Fulcrum Therapeutics and Sanofi to collaborate

Sanofi receives exclusive rights to commercialize losmapimod in all territories outside the U.S.; Fulcrum retains full U.S. commercialization rights

Read the full news release here

CAMBRIDGE, Mass., May 13, 2024 (GLOBE NEWSWIRE) — Fulcrum Therapeutics, Inc.^® (Fulcrum) (Nasdaq: FULC), a clinical-stage biopharmaceutical company focused on developing small molecules to improve the lives of patients with genetically defined rare diseases, today announced that it has entered into a collaboration and license agreement with Sanofi (Nasdaq: SNY) for the development and commercialization of losmapimod, an oral small molecule being investigated for the treatment of facioscapulohumeral muscular dystrophy (FSHD). Under the collaboration and license agreement, Sanofi obtains exclusive commercialization rights for losmapimod outside of the U.S.

The collaboration and license agreement combines Fulcrum’s expertise in FSHD with Sanofi’s global reach and unparalleled commitment to treating patients with rare diseases. Losmapimod is currently being evaluated in a global Phase 3 clinical trial for the treatment of FSHD, a chronic and progressive genetic muscular disorder that is characterized by significant muscle cell death and fat infiltration into muscle tissue.
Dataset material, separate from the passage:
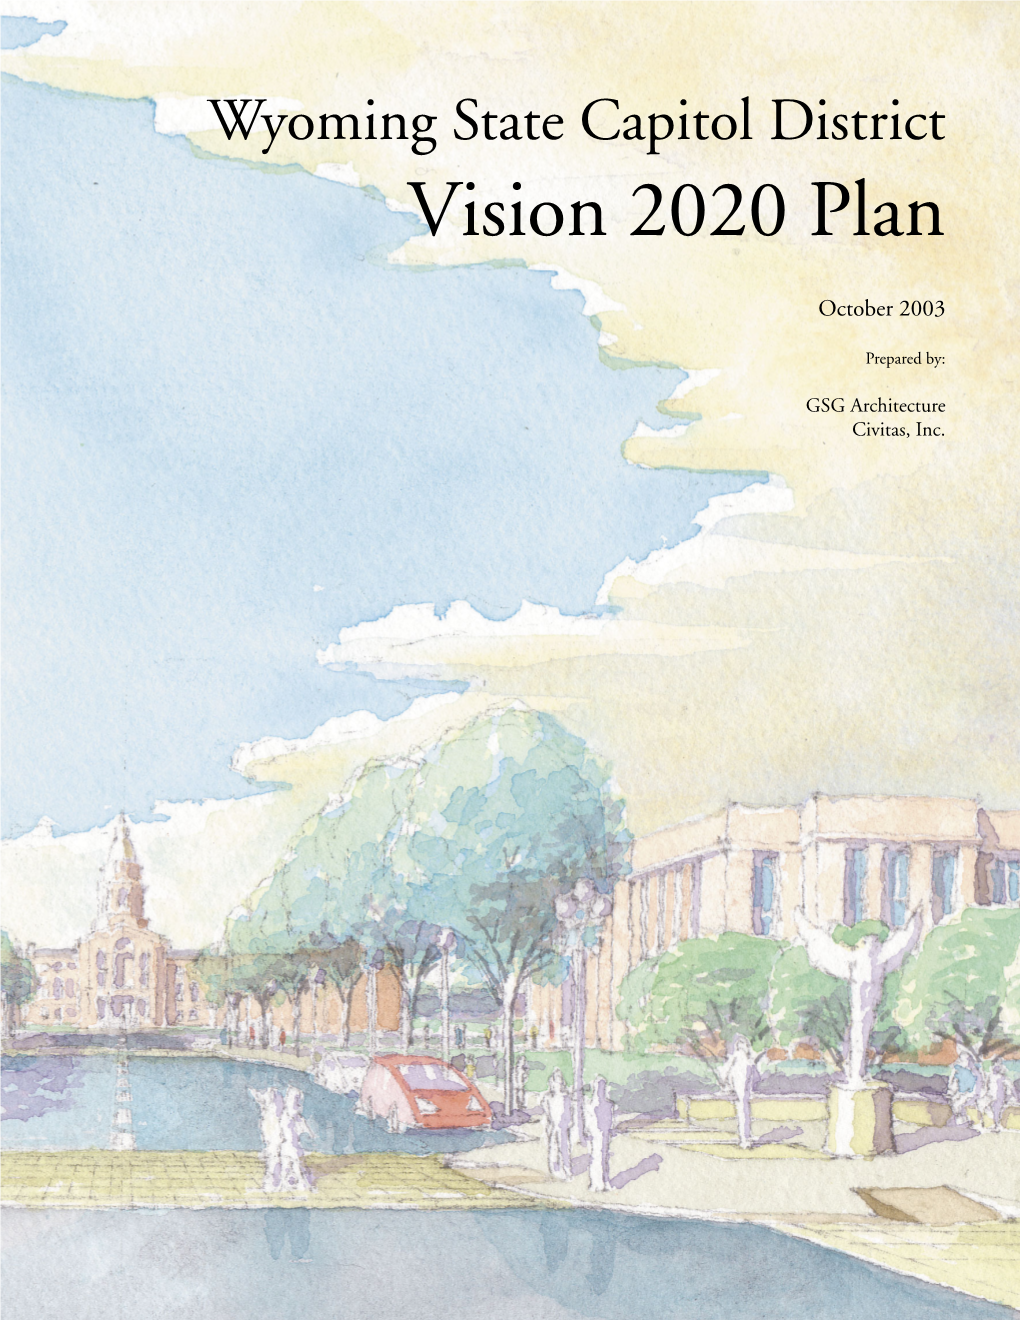 Wyoming State Capitol District Vision 2020 Plan

Results from ReDUX4, the Phase 2 clinical trial evaluating losmapimod for the treatment of FSHD, demonstrated a slowing of disease progression and improved muscle health. Fulcrum expects to report topline data from REACH, the global Phase 3 clinical trial, in the fourth quarter of 2024. Following positive data from the Phase 3 trial, Fulcrum and Sanofi plan to submit marketing applications in the U.S., Europe, Japan, and other geographies.

“Sanofi is a proven leader in developing therapeutics for rare neuromuscular diseases and is the ideal partner to maximize the opportunity and reach of losmapimod outside the U.S.,” said Alex C. Sapir, Fulcrum’s president and chief executive officer. “This deal aligns with our core strategy, allowing Fulcrum to remain focused on preparations for commercialization of losmapimod in the U.S., while leveraging Sanofi’s exceptional global commercial capabilities and established infrastructure in key markets around the world. We are excited about the potential to provide the first approved treatment for FSHD patients, and we look forward to working with Sanofi to bring losmapimod to patients globally.”
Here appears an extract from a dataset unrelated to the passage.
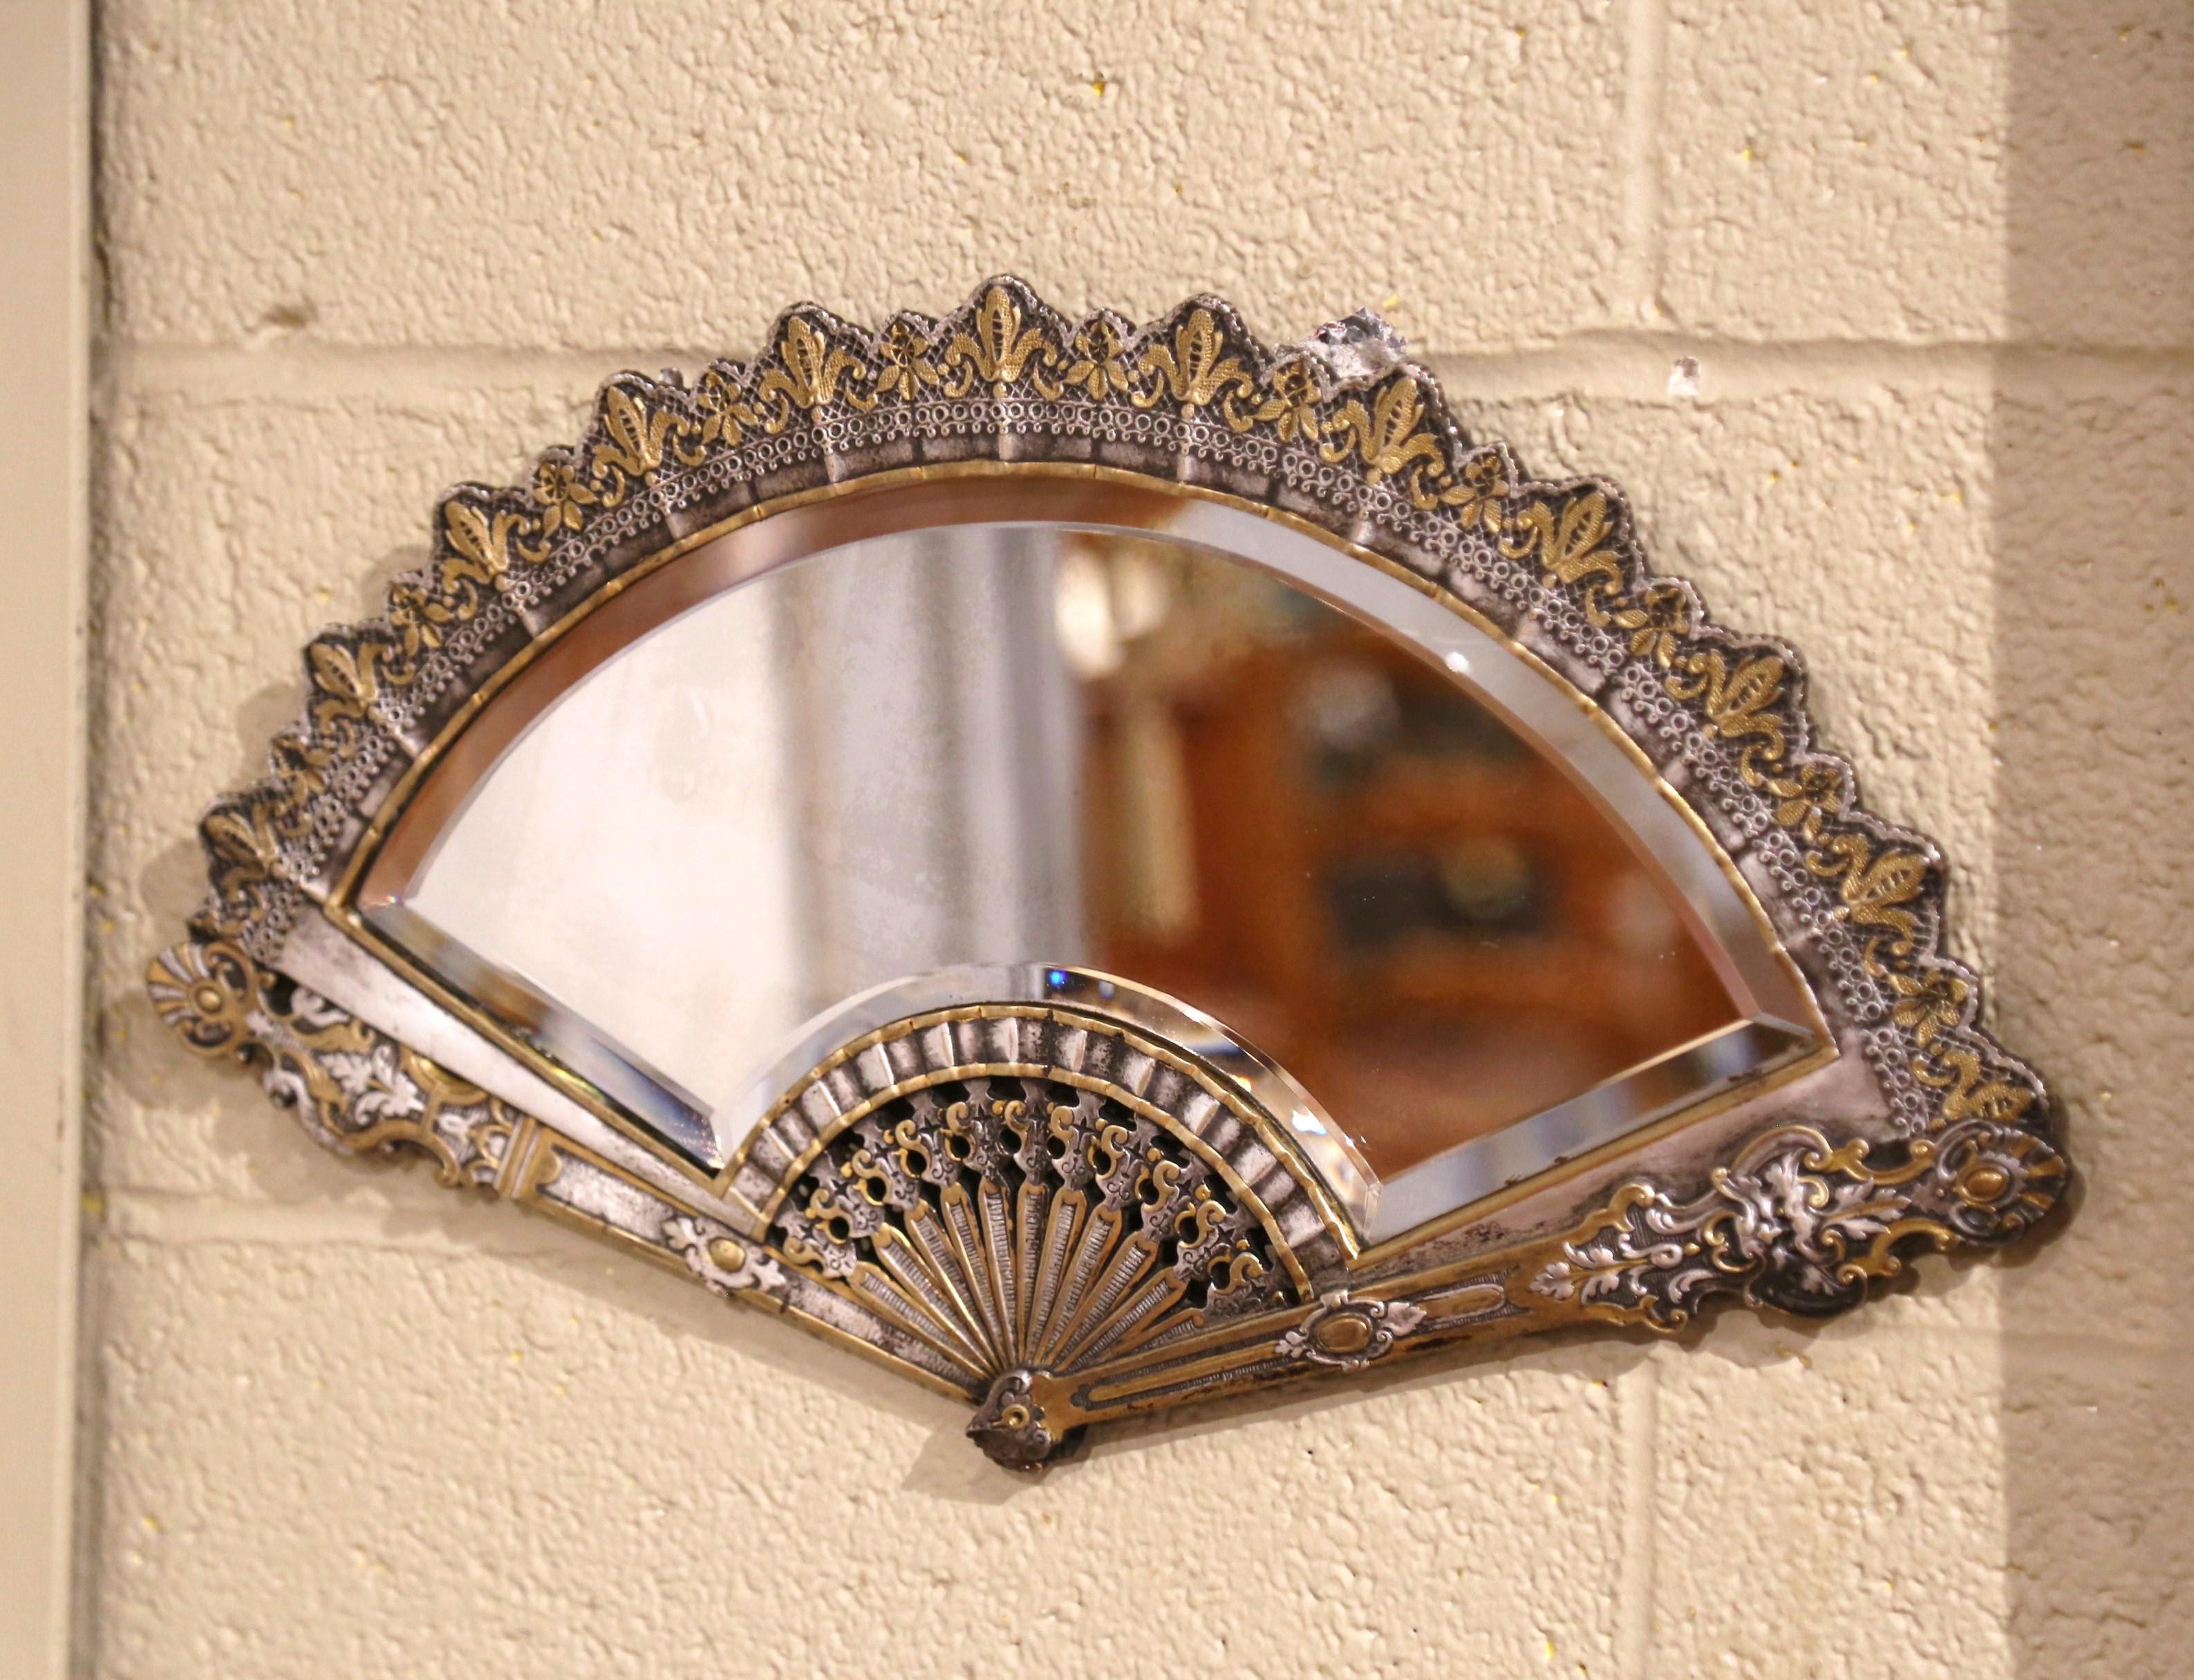 Decorate a wall, a vanity, or dresser with this intricate fan mirror. Crafted in France, circa 1880, and unique in shape, this heavy bronze features finely chiseled gilt detailing throughout. The wall hanging mirror is in excellent condition

“This partnership provides an exciting opportunity to expand Sanofi’s rare disease franchise and deliver the first approved FSHD treatment to patients with the strength and reach of our commercial organization,” said Burcu Eryilmaz, Sanofi’s Global Head of Rare Diseases. “Losmapimod has shown meaningful clinical benefits that underscore the disease-modifying potential and opportunity to address the high unmet need for a safe and effective drug that slows disease progression. With a deep commitment to bringing hope and new treatment options to patients, we look forward to working closely with Fulcrum as losmapimod advances through late-stage development.”

Per the terms of the agreement, Fulcrum will receive an upfront payment of $80.0 million and is eligible to receive up to an additional $975.0 million in specified regulatory and sales-based milestones, along with tiered escalating royalties starting in the low-teens on annual net sales of losmapimod outside the U.S. In addition, Fulcrum and Sanofi will equally share future global development costs.

What does this mean for our community?

It’s certainly great news that the eighth largest pharmaceutical company in the world has grown its stake in FSHD therapies.  Sanofi’s investment helps to ensure that Fulcrum has the resources it needs to complete its Phase 3 trial of losmapimod and bring it before the U.S. Food and Drug Administration and European Medicines Agency for regulatory approval. We can also expect that Sanofi’s global reach and resources will help with the enormous costs associated with launching new drugs, costs that include educating doctors and patients, improving diagnosis and standard of care, and expanding access to genetic testing.  You may recall that these issues are exactly what Project Mercury, the global initiative to speed therapies in FSHD, is focused on.  The Society leads biopharma relationships for Project Mercury and will be working with Fulcrum and Sanofi to enhance collaborative efforts in these areas.

Reading between the lines, we can imagine that Sanofi made its decision after closely scrutinizing the data from losmapimod clinical trials. Finally, when a major pharmaceutical company makes this type of a deal, others undoubtedly take notice. Could similar collaborations be in store for the pioneering biopharma’s that are working on FSHD therapies? All in all, this is highly encouraging news.